The rain bursts forth like a fountain from a faucet opened wide, and all nature becomes its captive audience.  Vendors stop vending, walkers stop walking, piles of bananas are covered in cardboard, and the hustle and bustle of frantic roads fill quietly with unending mud.  Necks craned, eyes upwards, sweaters clutched, feet soaked.

The changing skies of this land, in this season, make me dance.  I like the storms that rip across the skies, the instant change from hot to cool.  I like the banging heavens, the living clouds, the pounding water that is here one moment and gone the next.

It feels productive and energetic.  It feels like the beginning of a show, the opening of a new book, the birth of a new life, with all its curtain opening glory.

Changing skies means changing seasons, possibility, newness and energy.

But skies that stay the same, I have a problem with.  Like the grey that remains for weeks, for months, on the west coast of Canada, unending drizzle lulls me into a place of weariness, and a feeling of suffocation. 

It’s the slow drizzle I have a problem with.  It’s the unending burning sun I cannot handle.  Same, same chimodzi-modzi.  The drip, drip of regular life.  Or the beating down sun of hot season here, the radiating heat of the rigorous routines of life that fuel boredom and confusion. 

But more of life is the drizzle.  More of life is the same.  Slowly changing, slowing growing, slowly aging, slowly developing, slowly dreaming, slow things.  It is not lost on me that my lack of appreciation of the slow things causes me to welcome discontent too often.  I am well aware that my itching feet and restless nature cause me to always look for changing skies instead of getting to the work of living underneath the grey ones or the continuously hot ones.

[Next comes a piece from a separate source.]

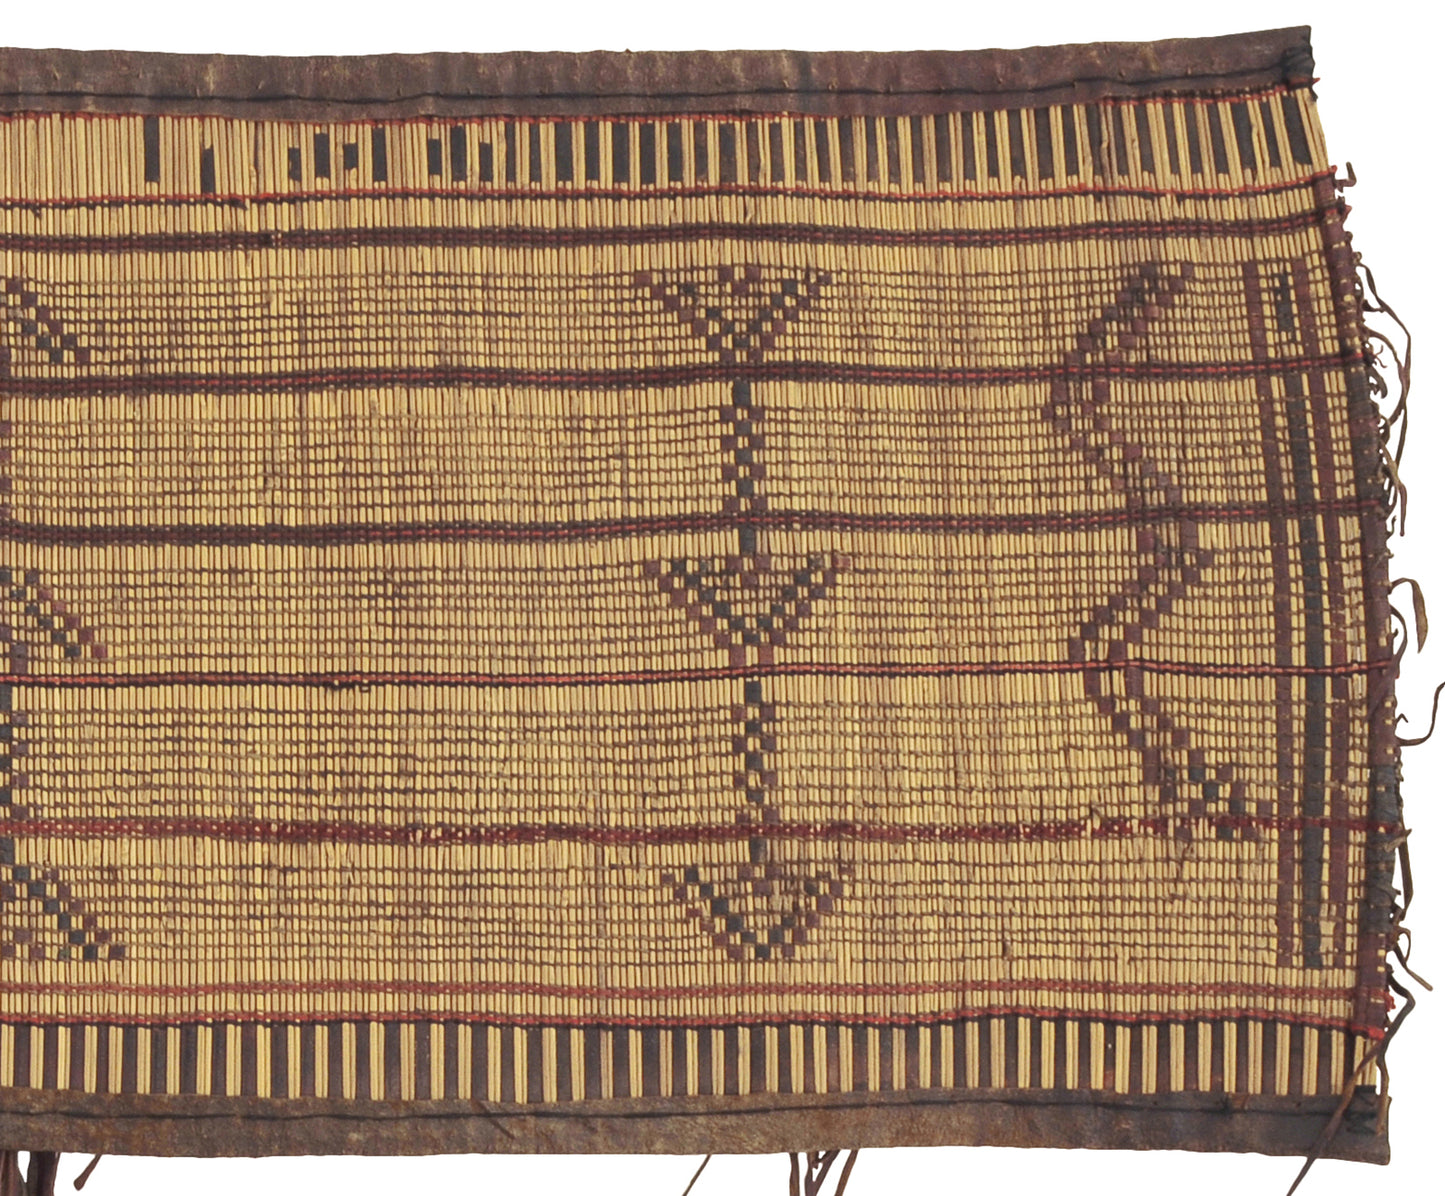 Authentic Tuareg Straw Mat from Niger - A Cultural African Artifact from Sahara

There is beauty in the slow things.  There is meaning in the small changes.  There is significance in the never-ending grey wispy fog just as much as the clamoring clouds.  Each become more precious in light of the other.  Each become more satisfying.

Roll onwards, clouds.  Creep slowly, seasons.  I will behold and bear witness and learn to sit under your shadow and live and love all the same.